Porn and sex toys aren’t illegal, but banks often treat them that way. Critics say the practice is discriminatory and amounts to censorship.

Last summer, Zoë Ligon, an erotic artist, was in the early stages of starting an online sex-toy shop she anointed Spectrum Pleasure. She visited a Bank of America branch in Detroit, wanting to open a checking account and take out a line of credit in order to start purchasing inventory. For the latter order of business, a Bank of America banker put her through to a credit specialist. The woman on the other end of the line was disinterestedly running through a list of scripted questions until she saw the word “pleasure” in the LLC title.

“I remember, she just stopped short in the middle of the sentence and was like, ‘Ma’am, what kind of a business is this?’” recalls Ligon. “All of a sudden, her tone totally changed. I was being talked to like I had an illegal business.” With no further explanation, the credit agency refused to extend Ligon a line of credit because her shop qualified as an “adult business.”

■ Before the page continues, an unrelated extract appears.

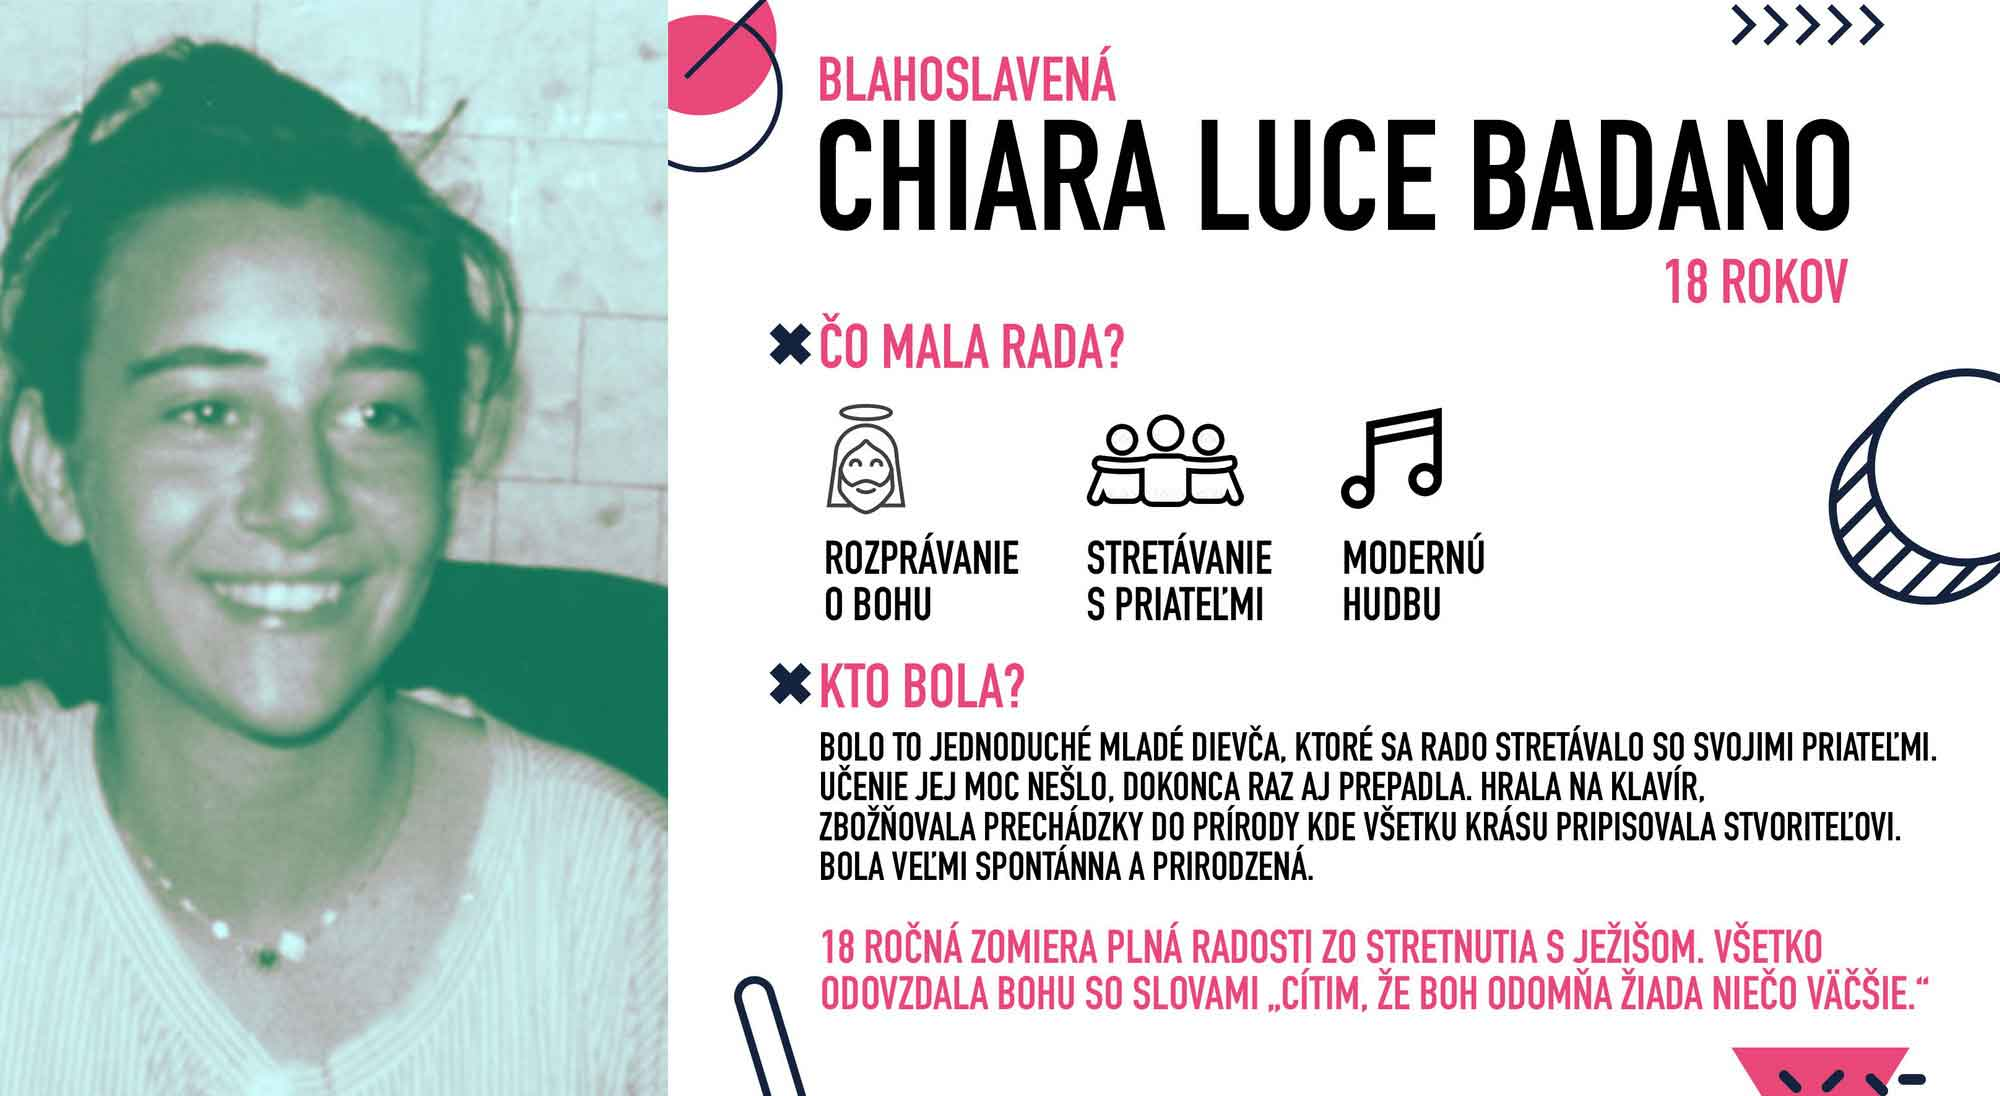 Chiara-Luce-Badano

Sex toy shops are legal but plagued by restrictions that range from municipal zoning laws to financial discrimination. Adult performers have had their personal bank accounts shut down without forewarning. Porn producers are routinely refused standard billing fees. Mainstream financial service providers like JPMorgan Chase, Bank of America, and American Express all treat adult businesses differently from other businesses, acting often under so-called “morality clauses” aimed at legal businesses with taboo reputations. (Gun sellers and marijuana companies also face difficulties getting loans and other services.) Even the new wave of financial tech startups like Paypal and Square prohibit some adult businesses from using their products, both explicitly and in tacit ways.

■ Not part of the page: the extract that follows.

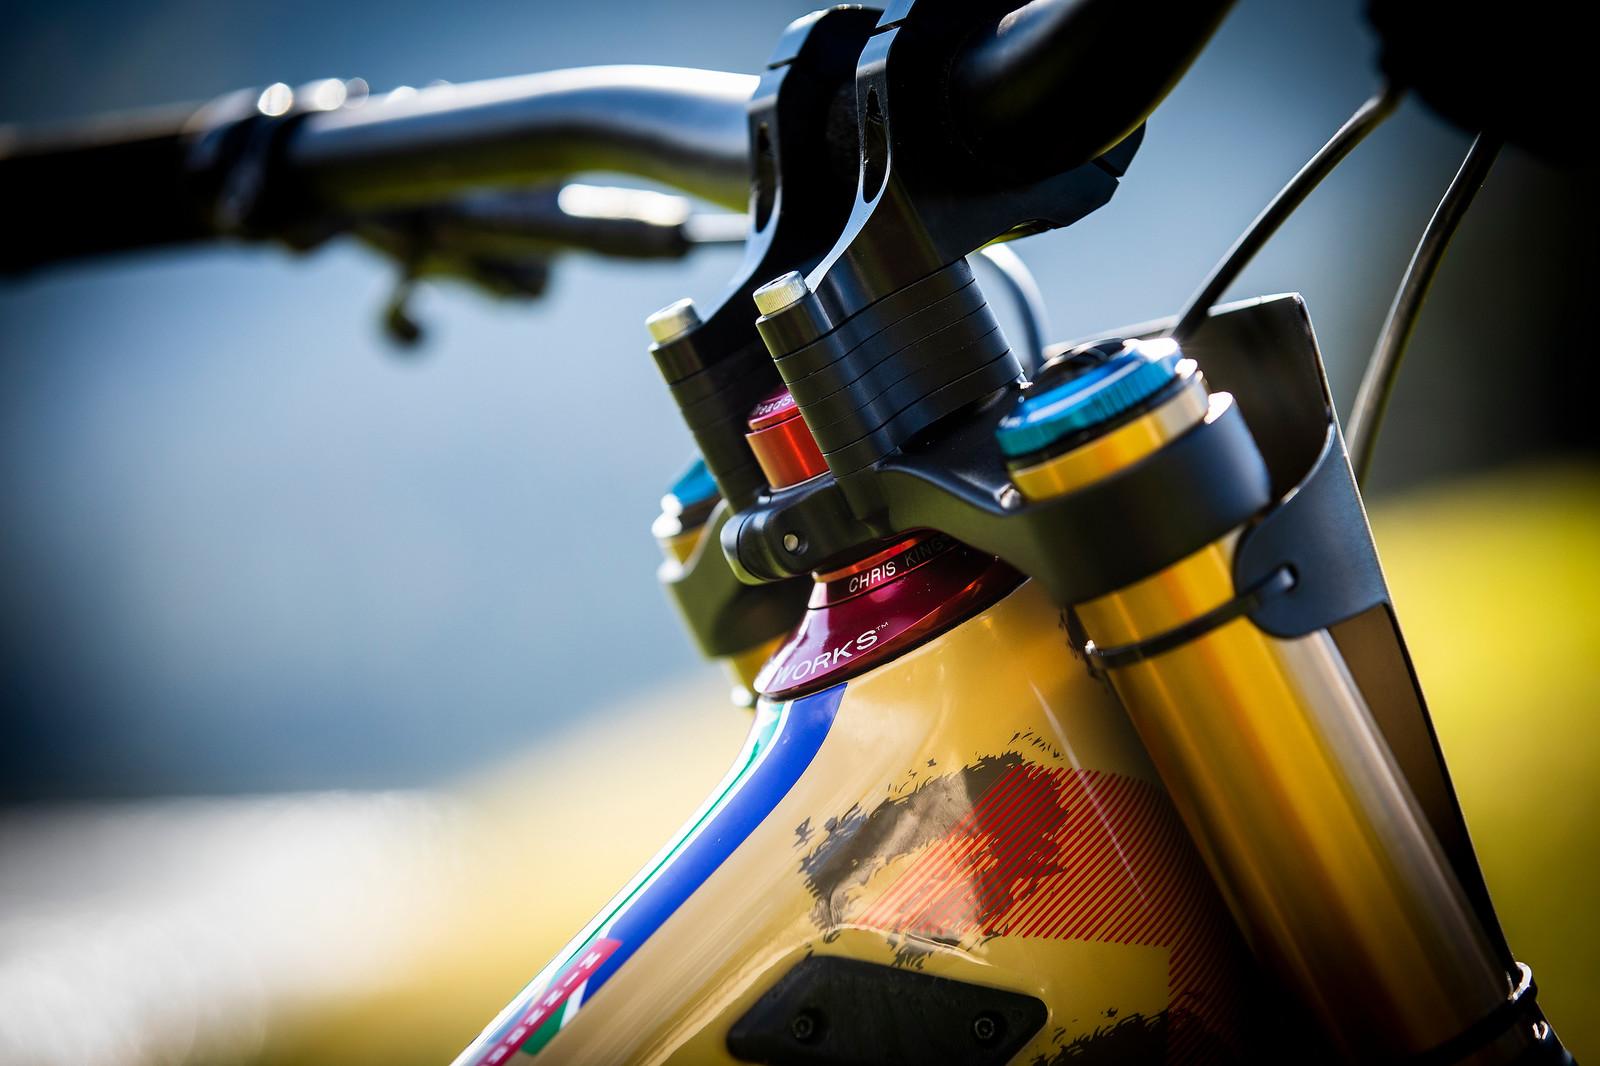 Got Stack? - WORLD CHAMPS BIKE - Greg Minnaar's Santa Cruz V10 - Mountain Biking Pictures - Vital MTB

When softcore film producer Marc Greenberg tried to refinance his personal mortgage with JPMorgan, he was told that his application had been rejected on the basis of a morality clause.

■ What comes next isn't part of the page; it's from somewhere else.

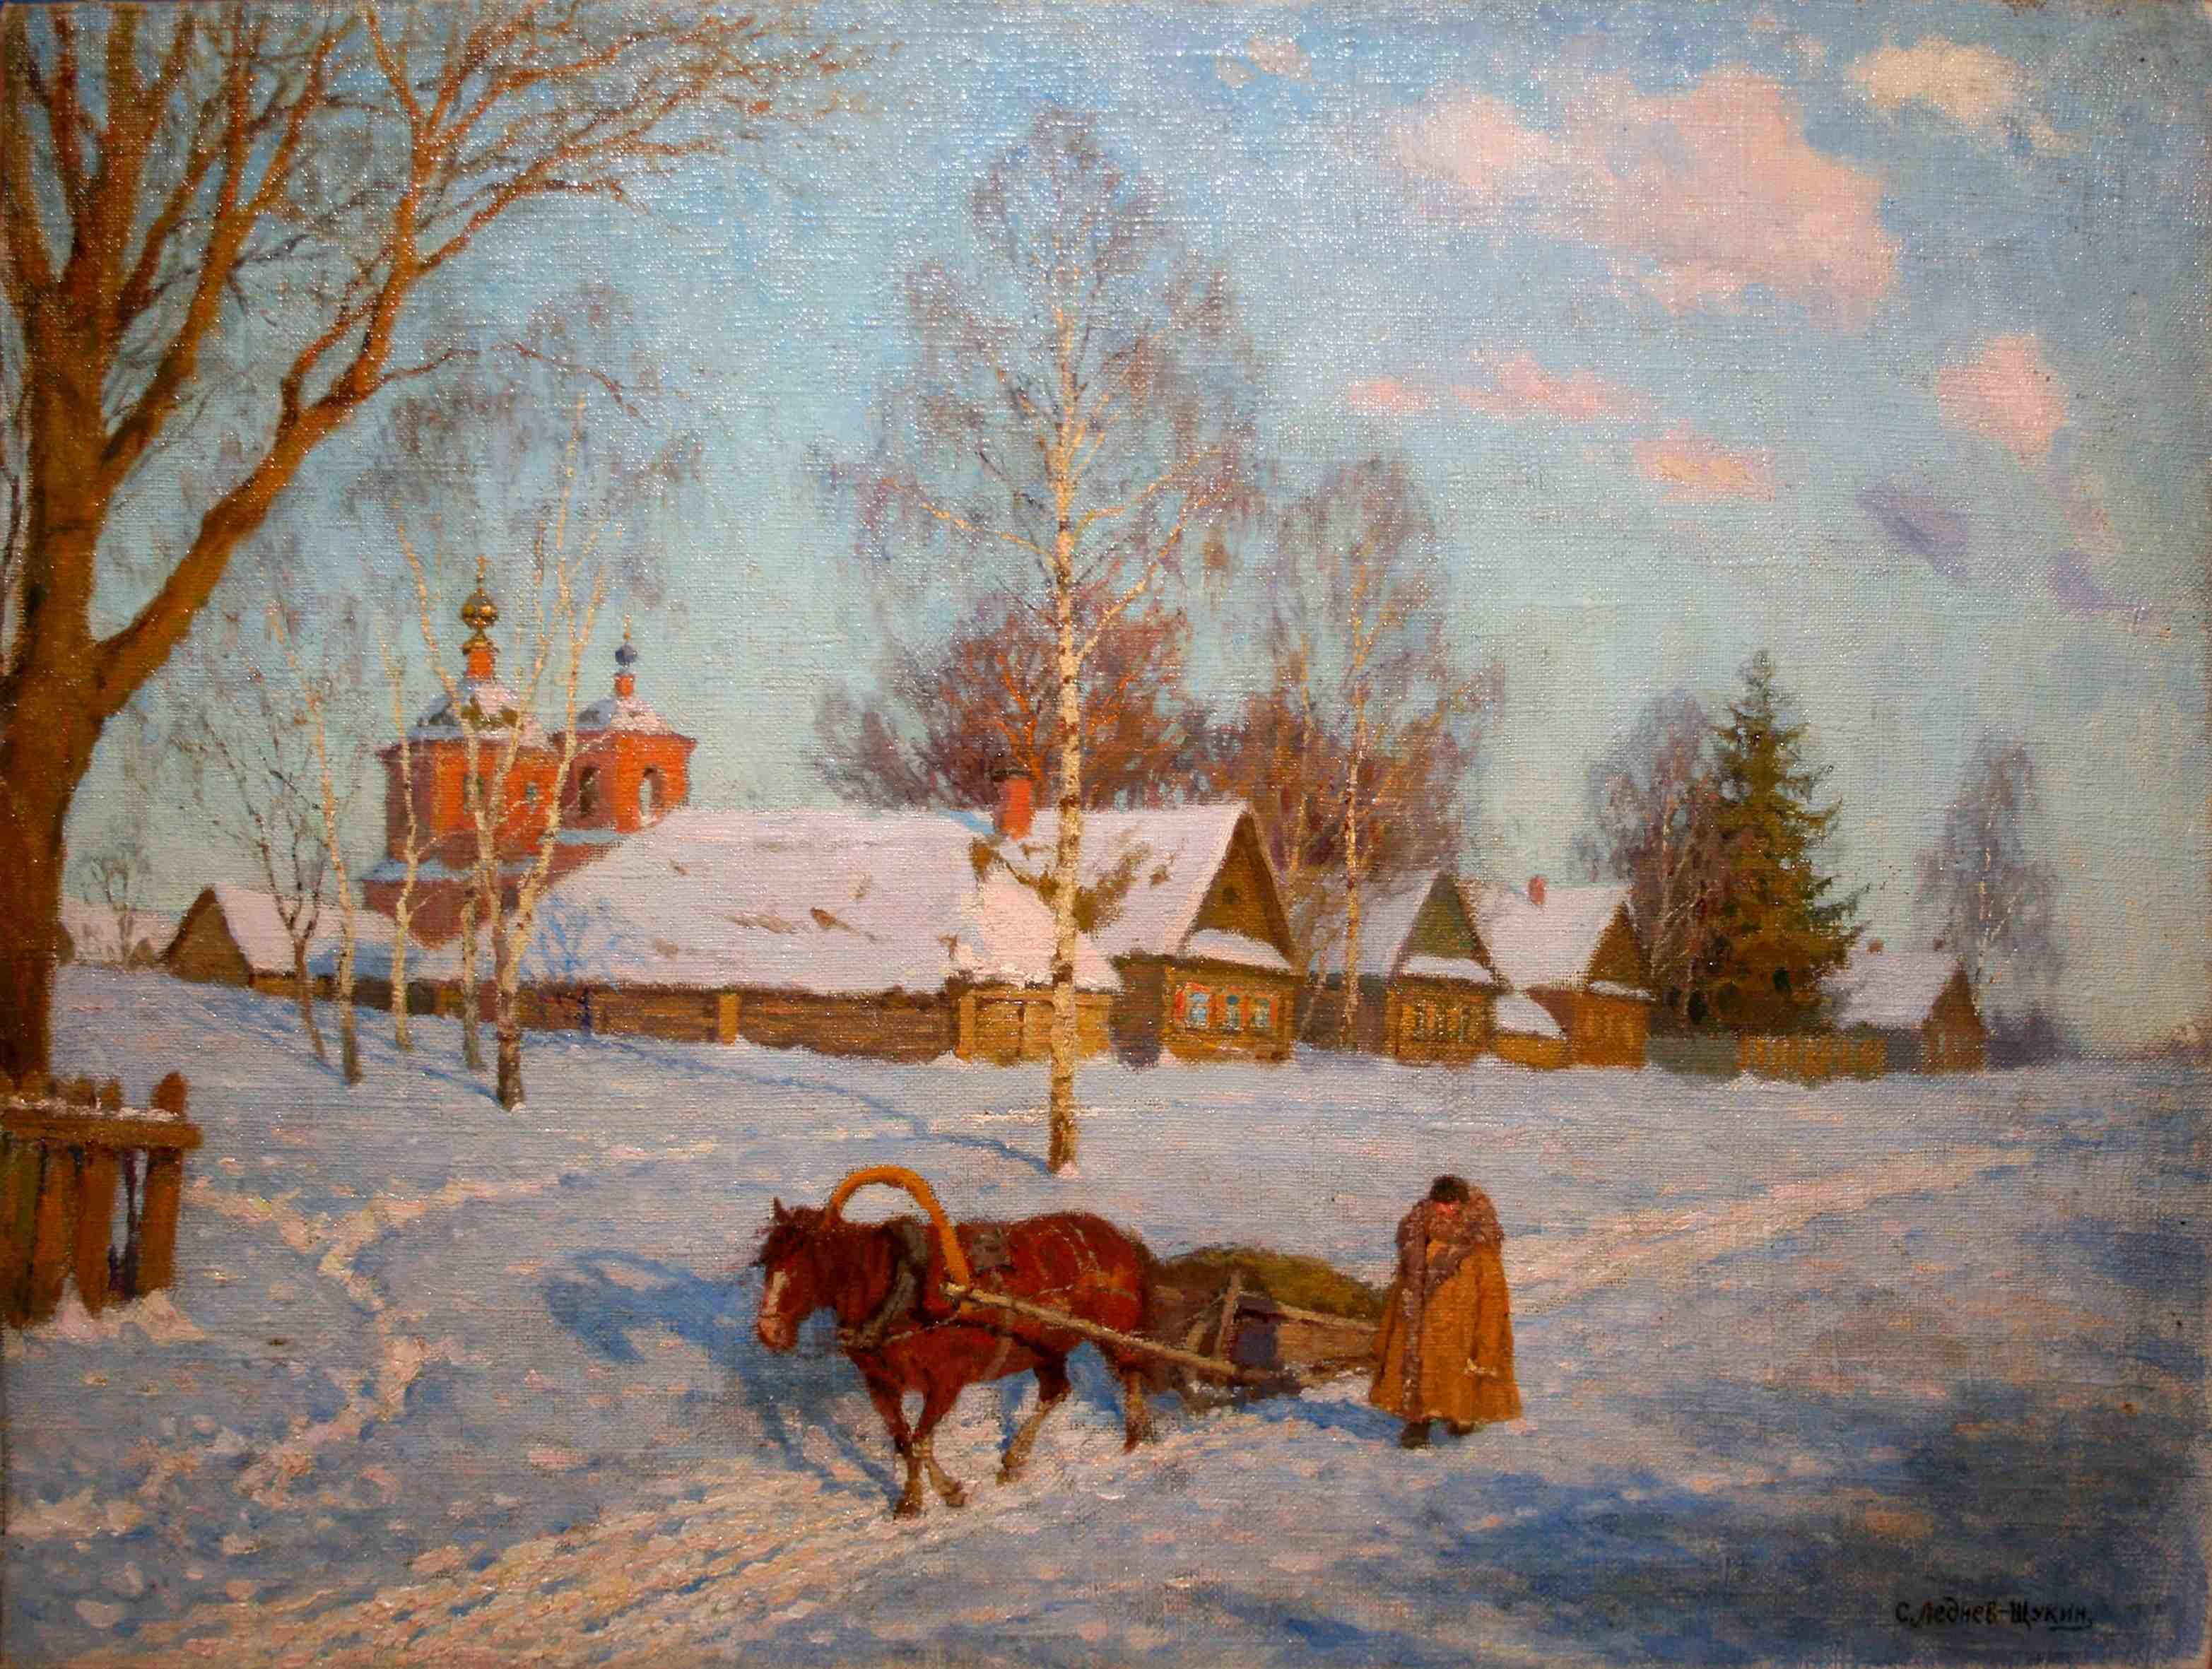 Леднев-Щукин Сергей Евграфович. Март в деревне.

“It’s a morality clause that’s buried somewhere in the 160 pages of documents you get when you refinance. I’d never heard of this morality clause, nor did I understand how it applied to me,” explains Greenberg. “When they first denied me, I said, ‘How do I know you’re not denying me because I’m Jewish or because my son is gay? Maybe my son being gay is morally reprehensible to you.’ I didn’t know what the reason was.”

In the end, it was Greenberg’s occupation that was interpreted as violating the morality clause. A bank employee had looked up his name on IMDB and rejected his application based on the names of the softcore erotica films that his company produced and distributed, movies like Bare Naked Desires, Bad and Busty and Wild Things 2, the direct-to-video sequel to the Hollywood thriller. “I was obviously outraged,” says Greenberg. He asked the employee, “‘Have you ever watched my movies?” The answer was “No.”

“Had anyone else [at the bank] seen my movies?” “No.” “Could you tell me who made this decision?” “No.” “Would you please send me an official document stating that you denied me based upon your morality clause?” “No.” “Would you point out where in the mortgage agreement the morality clause is?” “No.”

Adding to the bizarreness of the situation, JPMorgan had already held Greenberg’s mortgage for 10 years. This was not an application for a new mortgage but an application to refinance his existing mortgage.

While financial policies have come to be seen as a simple cost of doing business in the adult industry, that cost also represents a big opportunity for someone willing to go against the grain, [Cindy] Gallop says. “The first bank that says, ‘We welcome honest, legal, decent adult ventures’ is going to clean up!”